- **Information provided**:
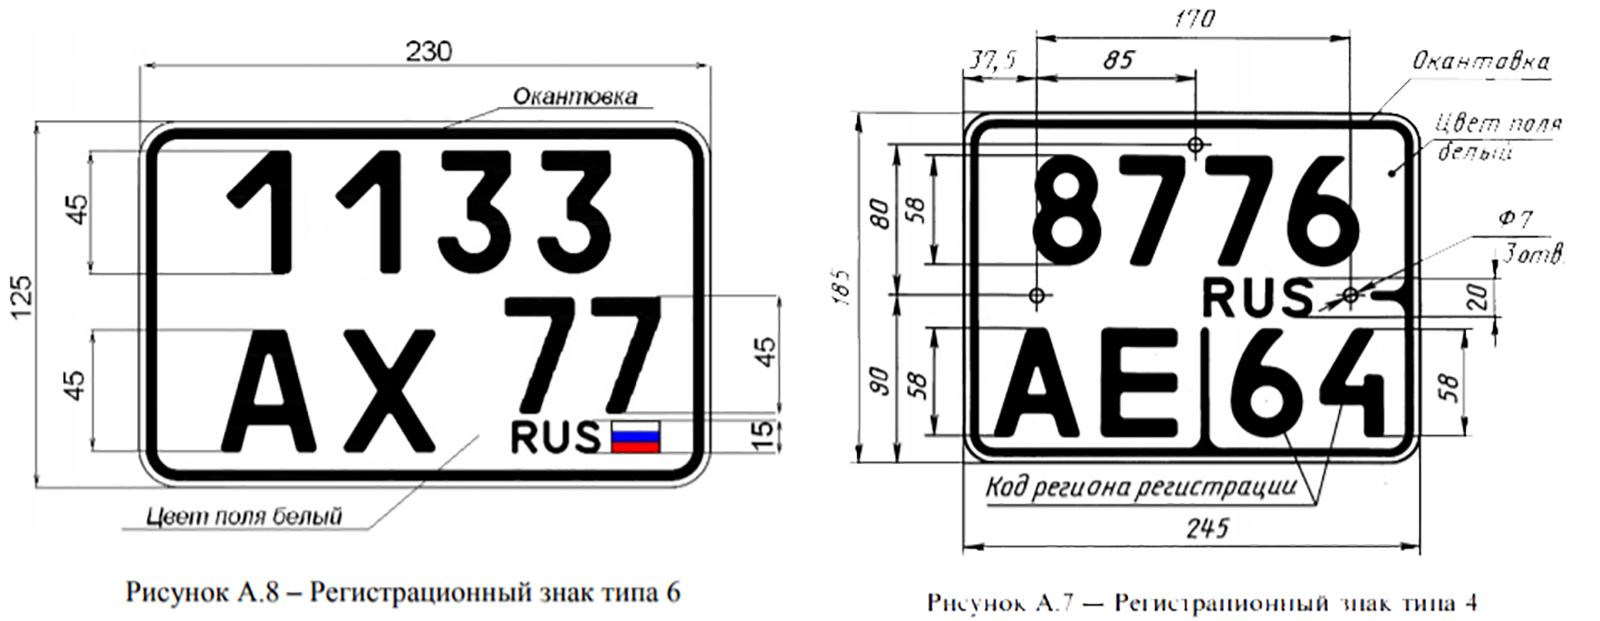 Номера четыре нуля. Размеры номерного знака мотоцикла. Гос номерной знак автомобиля размер. Габариты номерного знака автомобиля в России. Размер номерного знака на скутер.
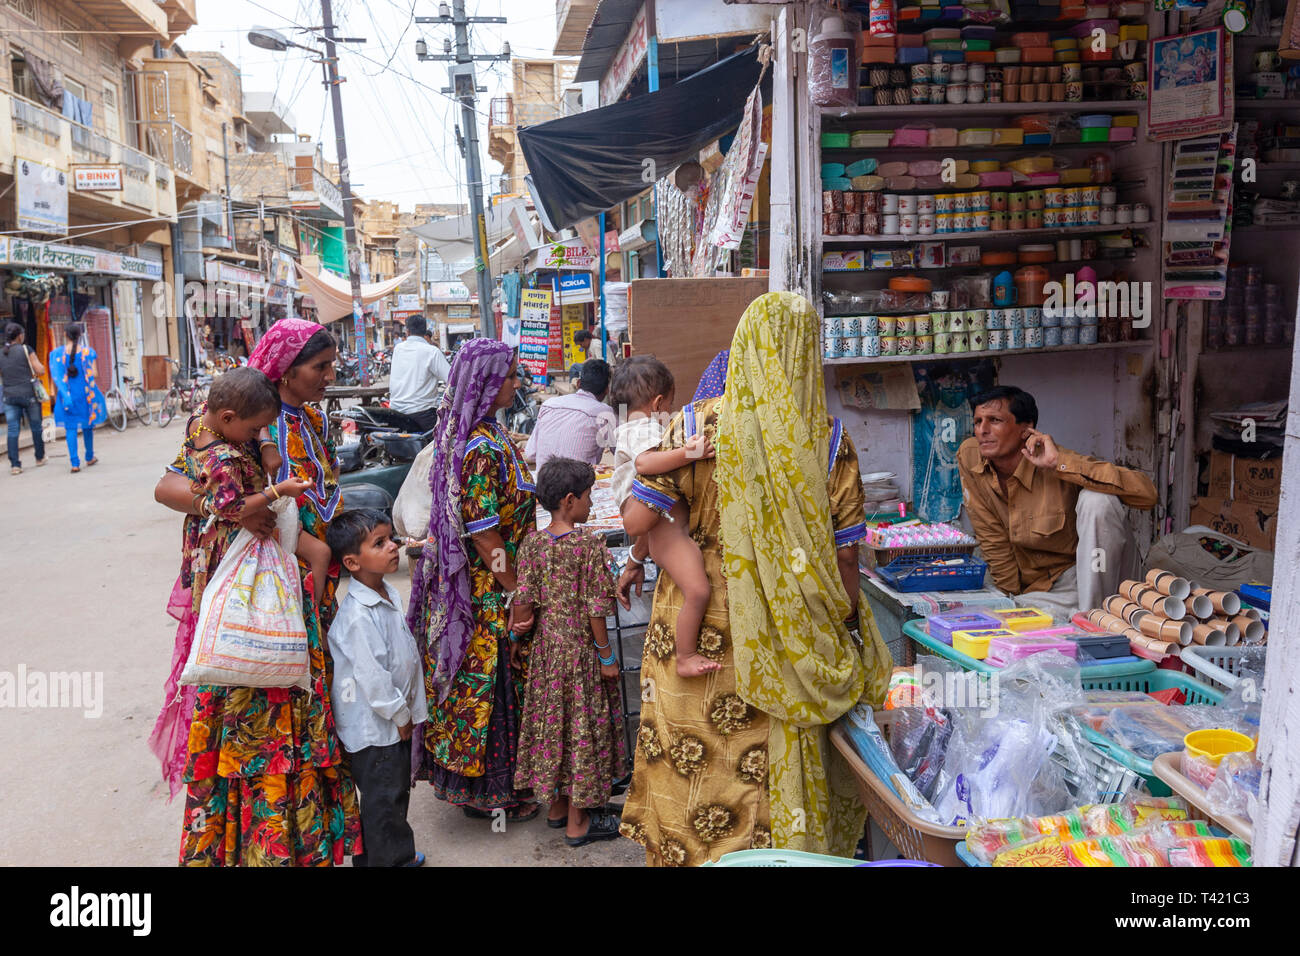 Gruppe der Rajasthani Frauen und Kinder in einer Straße shop in Jaisalmer, Rajasthan, Indien Stockfoto
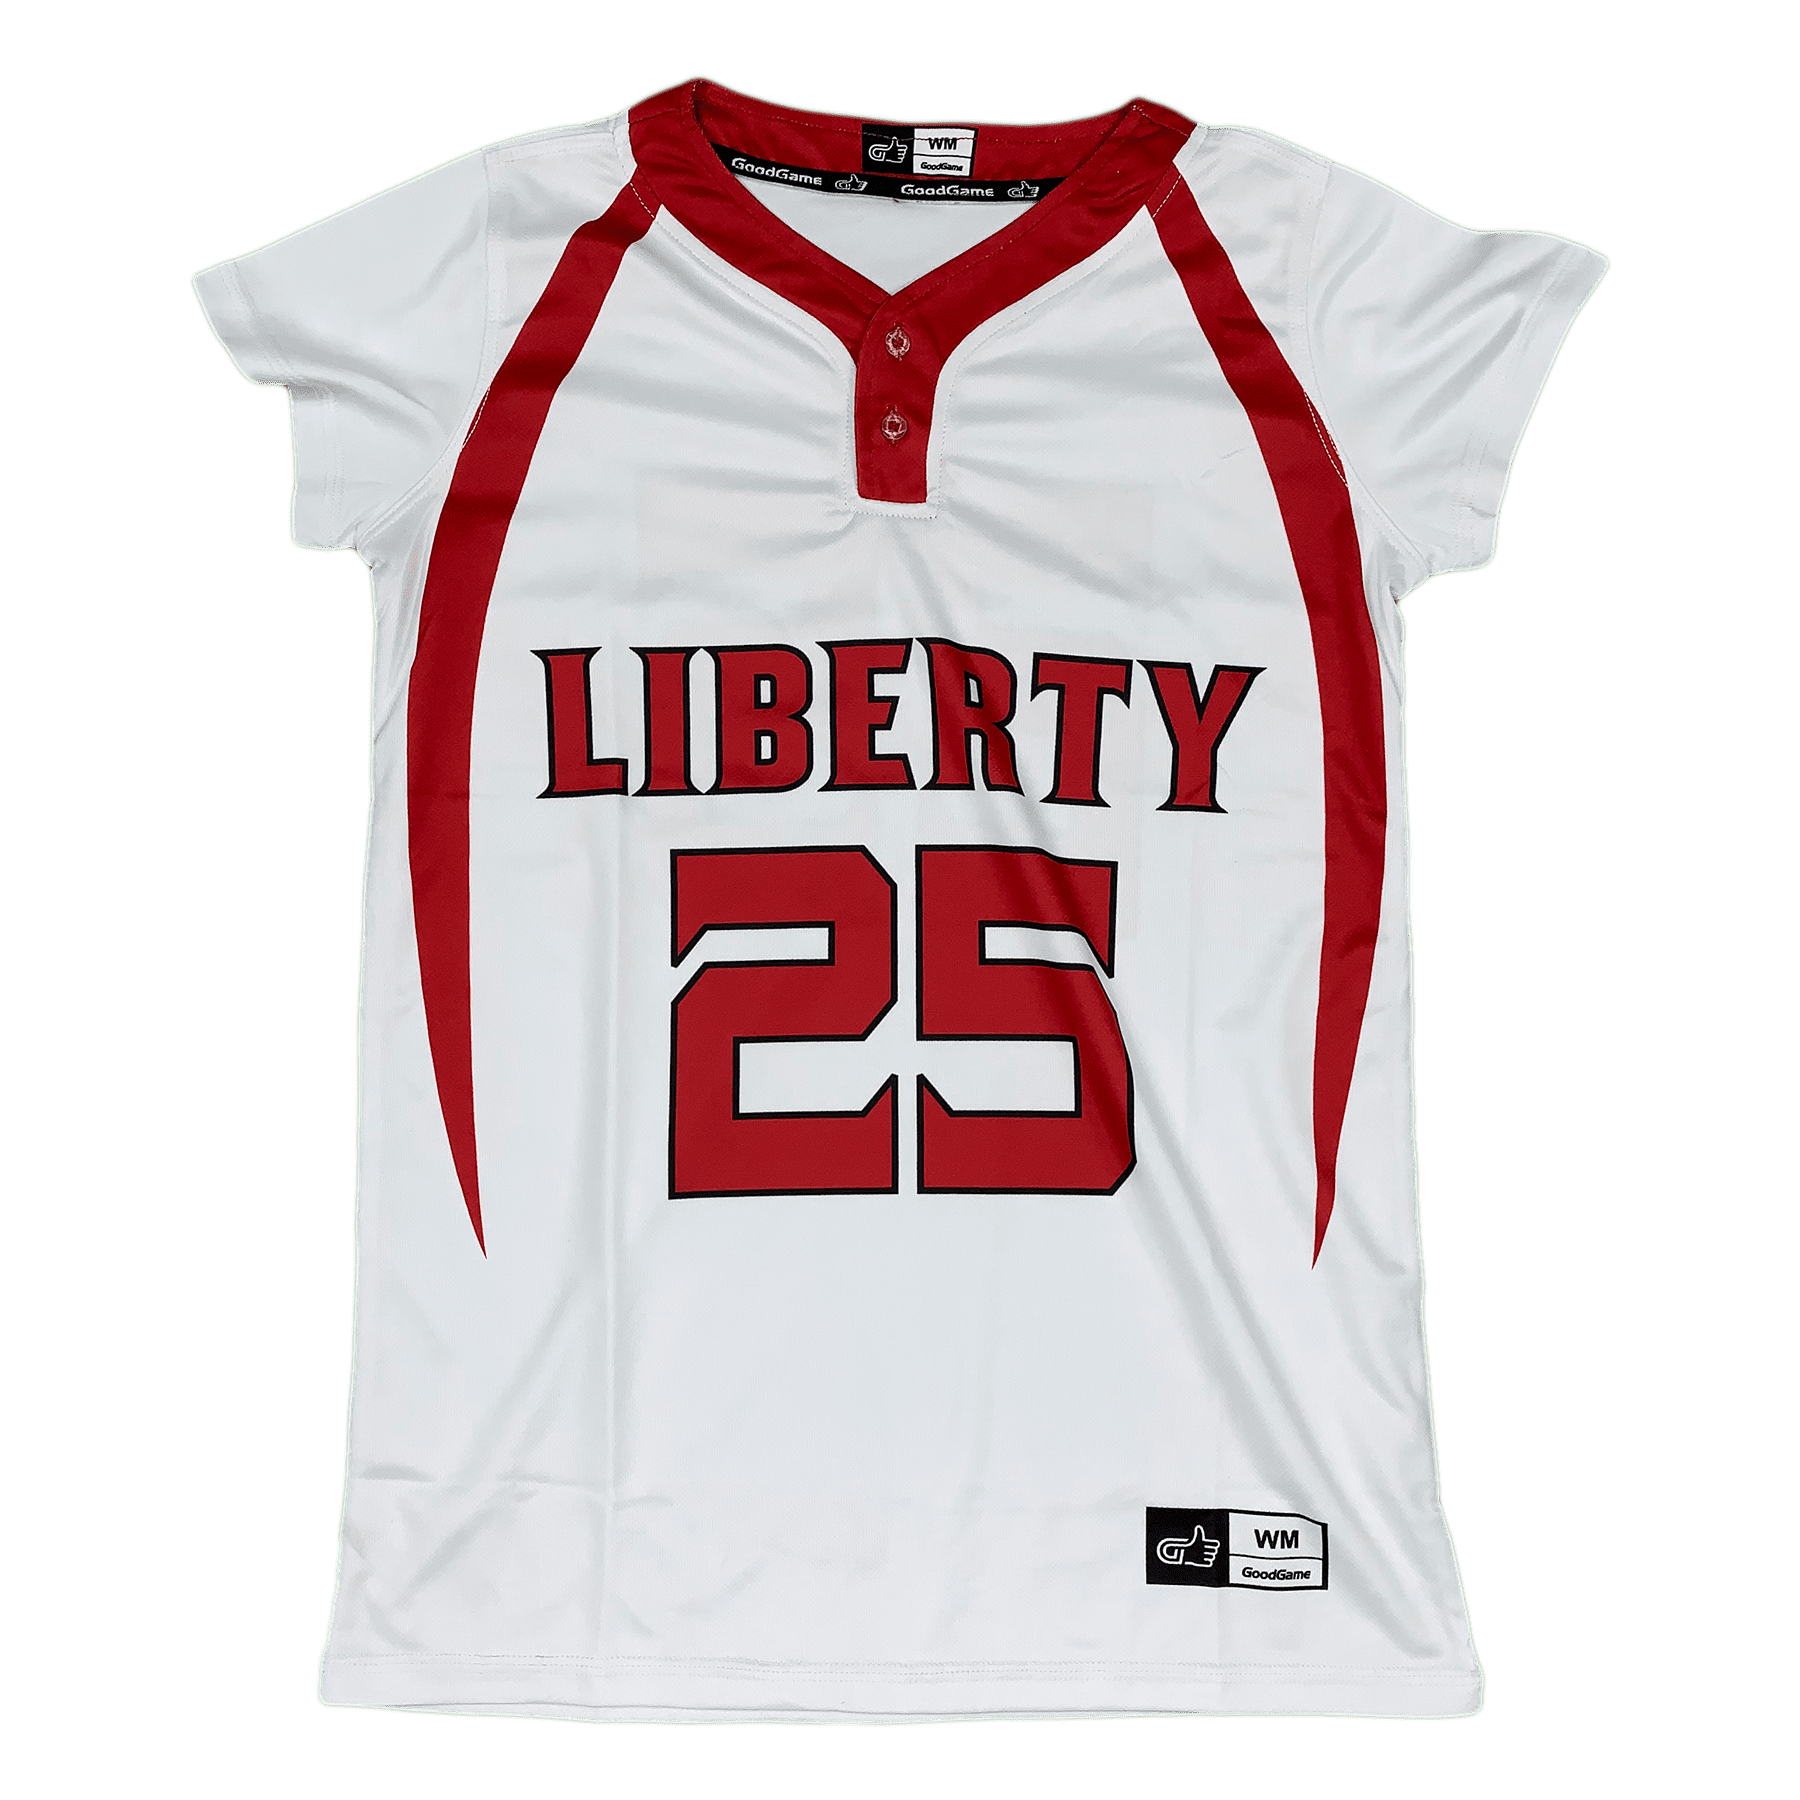 Liberty Softball Jersey

- **Try it**: From the line that contains "Gruppe der Rajasthani" through the last line of the listing, copy each line exactly; both end lines stay in, and pictures stay out.

- **Output**:
 Gruppe der Rajasthani Frauen und Kinder in einer Straße shop in Jaisalmer, Rajasthan, Indien Stockfoto
 Liberty Softball Jersey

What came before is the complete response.